Open the Usage tab to see the total number of records, and the number of search and indexing operations for the current billing cycle. The Records graph always shows your monthly usage, whether you have a monthly or annual subscription.

Inspect your usage

This section includes timelines for search and indexing operations, broken down by type. Just like on the Performance page, you can view the timelines by day, month, or year.

For example, the Record Operations graph shows the number of record operations in the selected time frame. Record operations are further broken down by type: Get, Add, Batch, Delete, Partial update, Update and Delete by Query.

Overview of record operations

The usage statistics don’t include indexing operations on replicas.

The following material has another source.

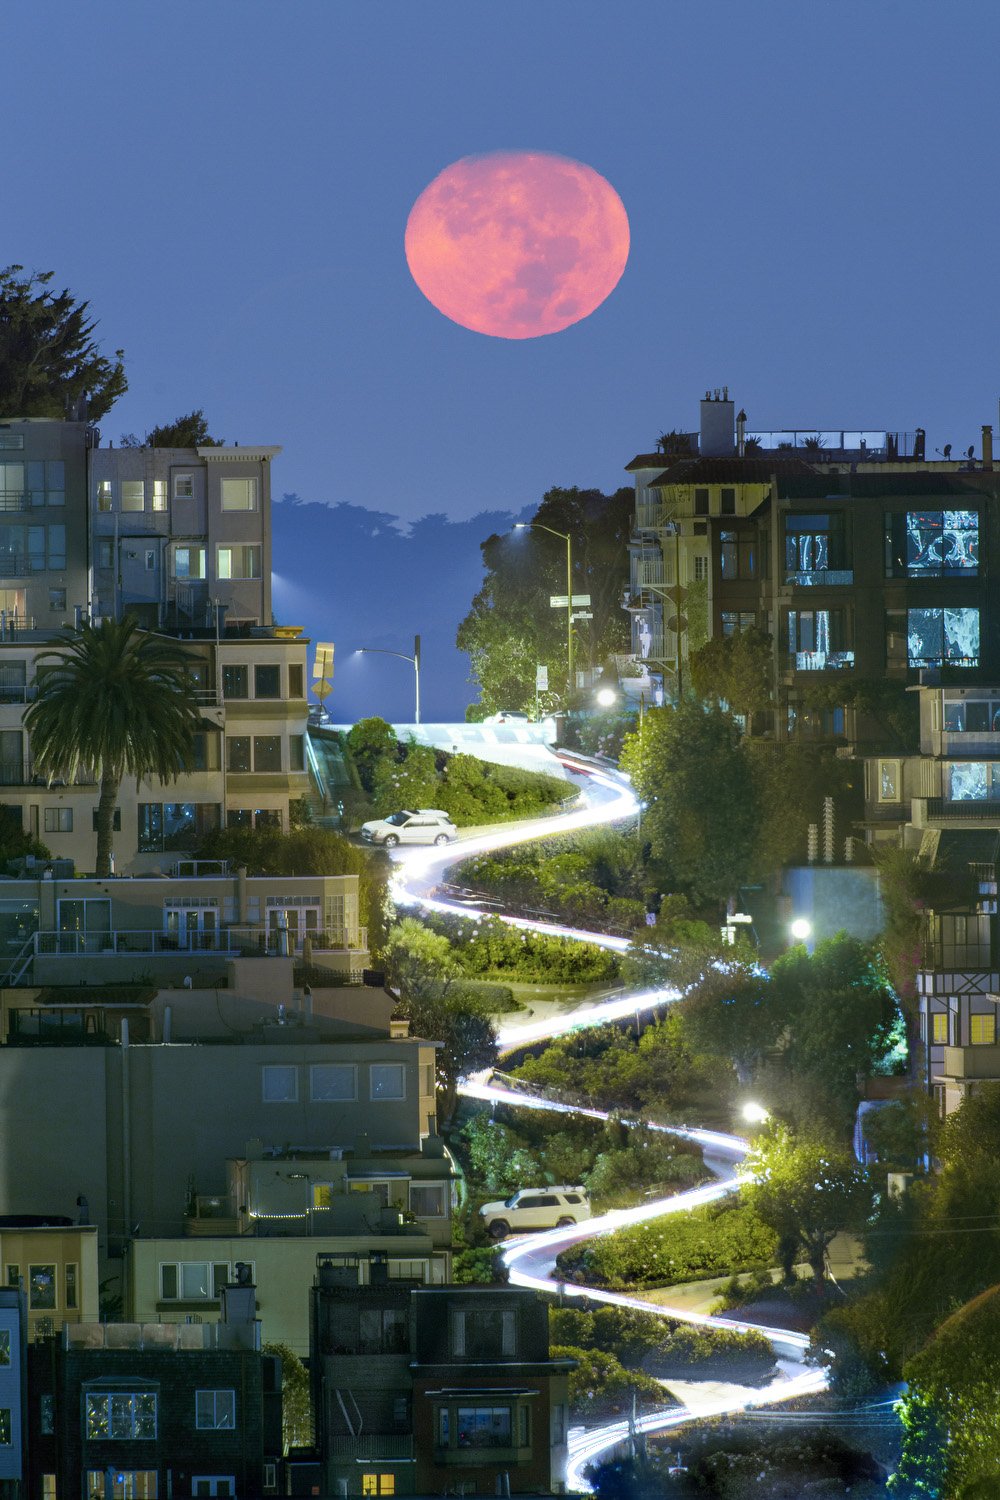  Car headlights illuminate Lombard Street in San Francisco, Calif. 4:41 am, Thursday, Oct. 29, 2020. The famous winding section of road claims to be “the crookedest street in the world.”

Algolia keeps replicas in sync internally.

Status page

The Status page includes information about the availability of your Algolia servers and clusters. The same information is also available at https://status.algolia.com/.

Incidents

At the top, you’ll see all recent incidents, such as, issues with processing API requests. Any incident with a green circle and the message “Everything operating normally” is resolved.

Availability

Check the availability of your servers in the Algolia dashboard

Algolia uses clusters to process every indexing and search operation. Each cluster has three servers.

  • If one server goes down, the cluster operates normally. The status shows 100% availability (green).

  • If a second server goes down, the remaining server still processes all search requests. Indexing operations are added to a queue and will be processed after the cluster returns to “green”. This status is shown as Minor downtime (yellow).

  • If all three servers are down, the whole cluster is down. This is shown as Major downtime (red).

Availability is checked every 10 minutes.

Latest operations

In the Search API Logs section, you can watch operations as they occur on Algolia’s servers.

Check the latest operations in the dashboard

Alerts

Alert types

You can configure two types of alerts:

  • Status. Configure an email or a phone number to receive incident reports as they occur.

  • Capacity. Configure one or more alerts to warn you before your servers consume too much memory or CPU. For more information, see How to set up capacity alerts.

    You can set up capacity alerts only if you’re on a plan with dedicated servers.